### CitiBike ML Demo
By: David Stearns  
  
This demo (while fully functional *could use a bit of clean up!* :D ) demonstrates Snowpark Python's capability to build, train, and deploy machine learning models. It uses the Scalar UDF function which is great for single predictions, however, if you would like to do full table predictions or use input batches, the best way to accomplish that is to use Vectorized UDF's. 

In [12]:
import snowflake.snowpark
from snowflake.snowpark.functions import sproc
from snowflake.snowpark.functions import udf
from snowflake.snowpark.session import Session
from snowflake.snowpark.types import *
import json
import pandas as pd
import numpy as np
import datetime
import sys
import math
from snowflake.snowpark import Session
from snowflake.snowpark import functions as F
from snowflake.snowpark import Window
pd.set_option('display.max_columns', None)
import os
from sklearn.model_selection import train_test_split
from sklearn.model_selection import cross_val_score
from sklearn.model_selection import cross_validate
from sklearn.ensemble import RandomForestRegressor
import credentials
import io
import joblib
import cachetools
conn = {
    "account": credentials.credentials["account"],
    "user": credentials.credentials["username"],
    "password": credentials.credentials["password"],
    "role": credentials.credentials["role"],
    "warehouse": credentials.credentials["warehouse"],
    "database": credentials.credentials["database"],
    "schema": credentials.credentials["schema"]
}
session = Session.builder.configs(conn).create()

In [13]:
def save_model(session, model, path):
  input_stream = io.BytesIO()
  joblib.dump(model, input_stream)
  session._conn._cursor.upload_stream(input_stream, path)
  return "successfully created file: " + path

In [14]:
session.sql(f"create or replace stage citibike_ml").collect()

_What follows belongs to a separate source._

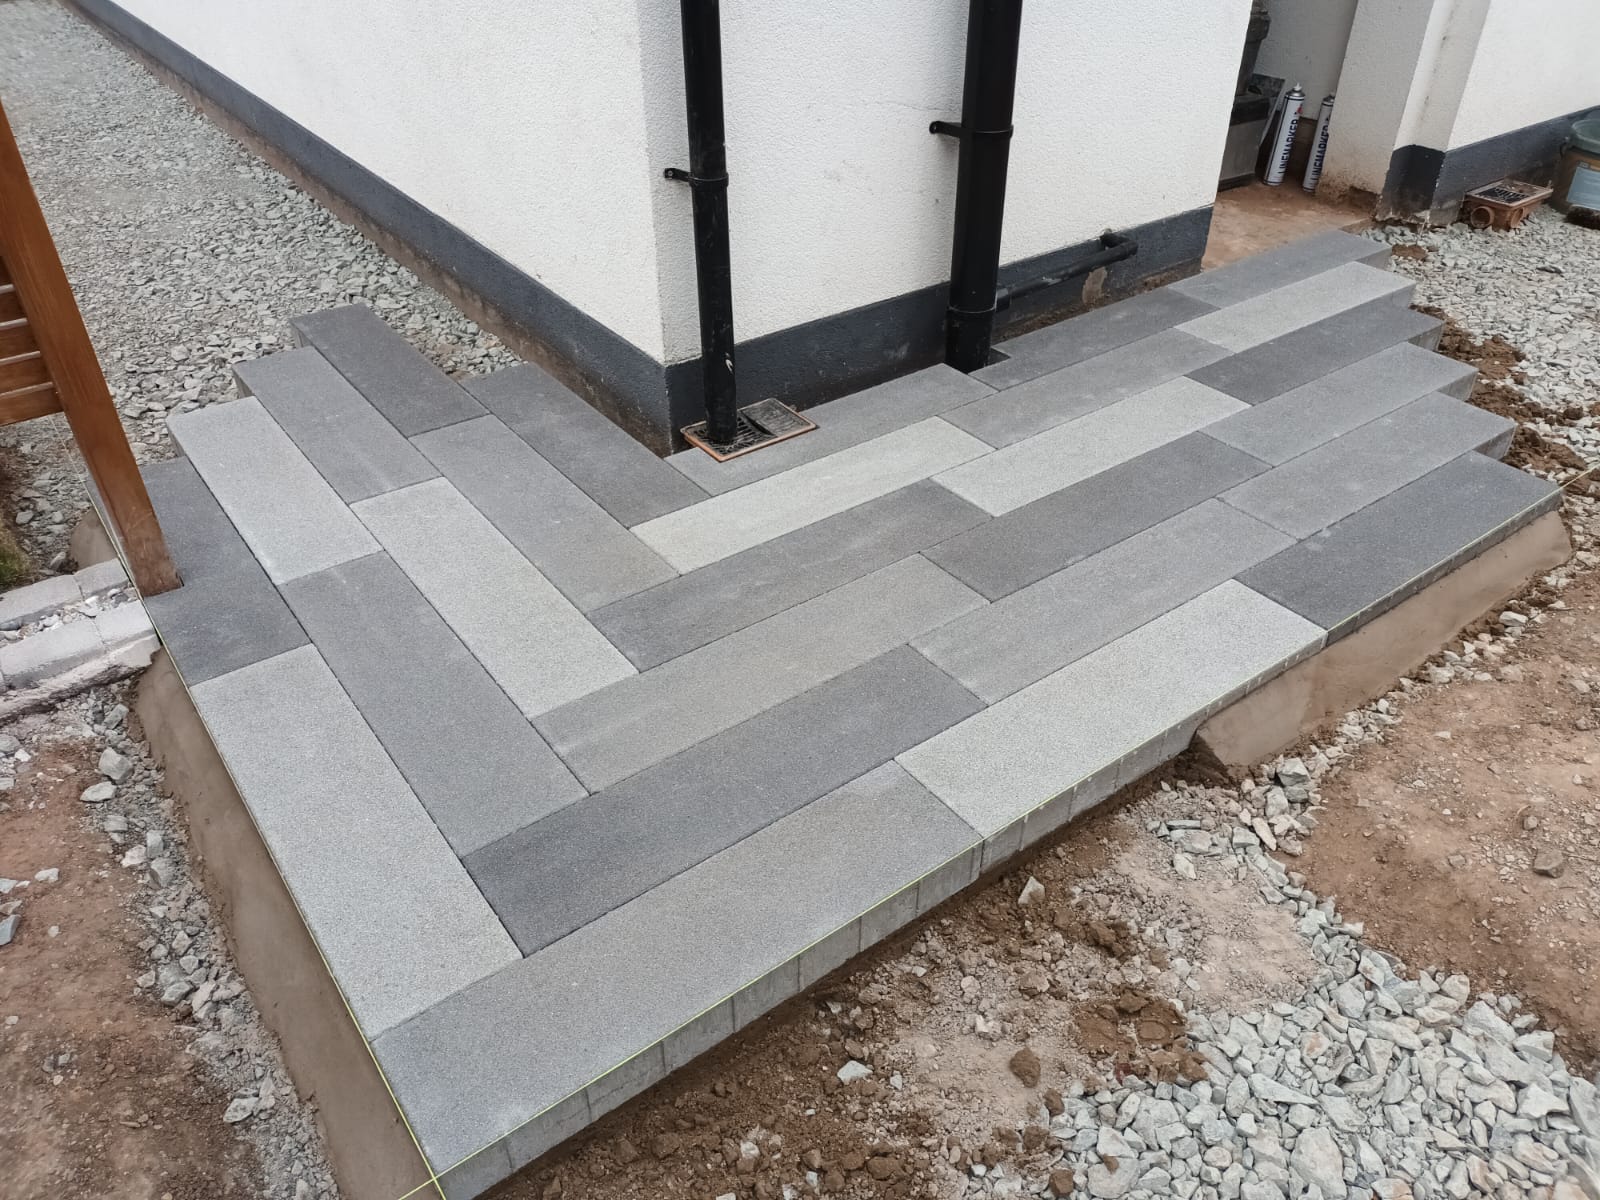 Concrete blocks on corner pathway

[Row(status='Stage area CITIBIKE_ML successfully created.')]

In [4]:
df_trips_hourly = session.table("trips_stations_vw")
df_trips_daily = df_trips_hourly.select(F.to_date(F.col("STARTTIME")).as_("ds")).groupBy(F.col("ds")).count().select(F.col("ds"), F.col("COUNT").as_("y"))
df_weather = session.table("weather_vw")
df_trips_weather = df_trips_daily.join(df_weather, df_trips_daily["DS"] == df_weather["OBSERVATION_DATE"])\
                    .select(F.col("DS"),F.col("Y"), F.col("TEMP_AVG_C"), F.col("TOT_PRECIP_IN"))
df_trips_weather = df_trips_weather.withColumn("rain_indicator", F.when(F.col("TOT_PRECIP_IN") > 0, F.lit(1) ).otherwise(F.lit(0)))
df_trips_weather = df_trips_weather.sort(F.col("DS"))
df_trips_weather.select("DS", "Y", "RAIN_INDICATOR", "TEMP_AVG_C").write.mode("overwrite").save_as_table("citibike_ml_demo")

In [40]:
session.add_packages('snowflake-snowpark-python', 'scikit-learn', 'pandas', 'numpy', 'joblib', 'cachetools')
def citibike_ml_demo(session: snowflake.snowpark.Session) -> str:

    import snowflake.snowpark as snp
    from snowflake.snowpark import functions as F
    from snowflake.snowpark import types as T

    model_name = "predict_trips"
    stage_name = "citibike_ml"
    df = session.table("citibike_ml_demo")
    pandas_df = df.toPandas()
    pandas_df["trips_yesterday"] = pandas_df['Y'].shift(1)
    pandas_df["Y_log"] = np.log(pandas_df["Y"])
    pandas_df["trips_yesterday_log"] = np.log(pandas_df["trips_yesterday"])
    pandas_df = pandas_df[1:]

    X = pandas_df[["RAIN_INDICATOR", "TEMP_AVG_C", "trips_yesterday_log"]]
    y = pandas_df[["Y_log"]]

    X_train, X_test, y_train, y_test = train_test_split(X, y, test_size=0.33 )
    rf = RandomForestRegressor(n_estimators=100)
    rf.fit(X_train, y_train)

    save_model(session, rf, f"@{stage_name}/{model_name}.joblib")

    model_name_full = session.sql(f"ls @{stage_name}").collect()[0][0]

    performance = cross_validate(rf, X, y, cv=3)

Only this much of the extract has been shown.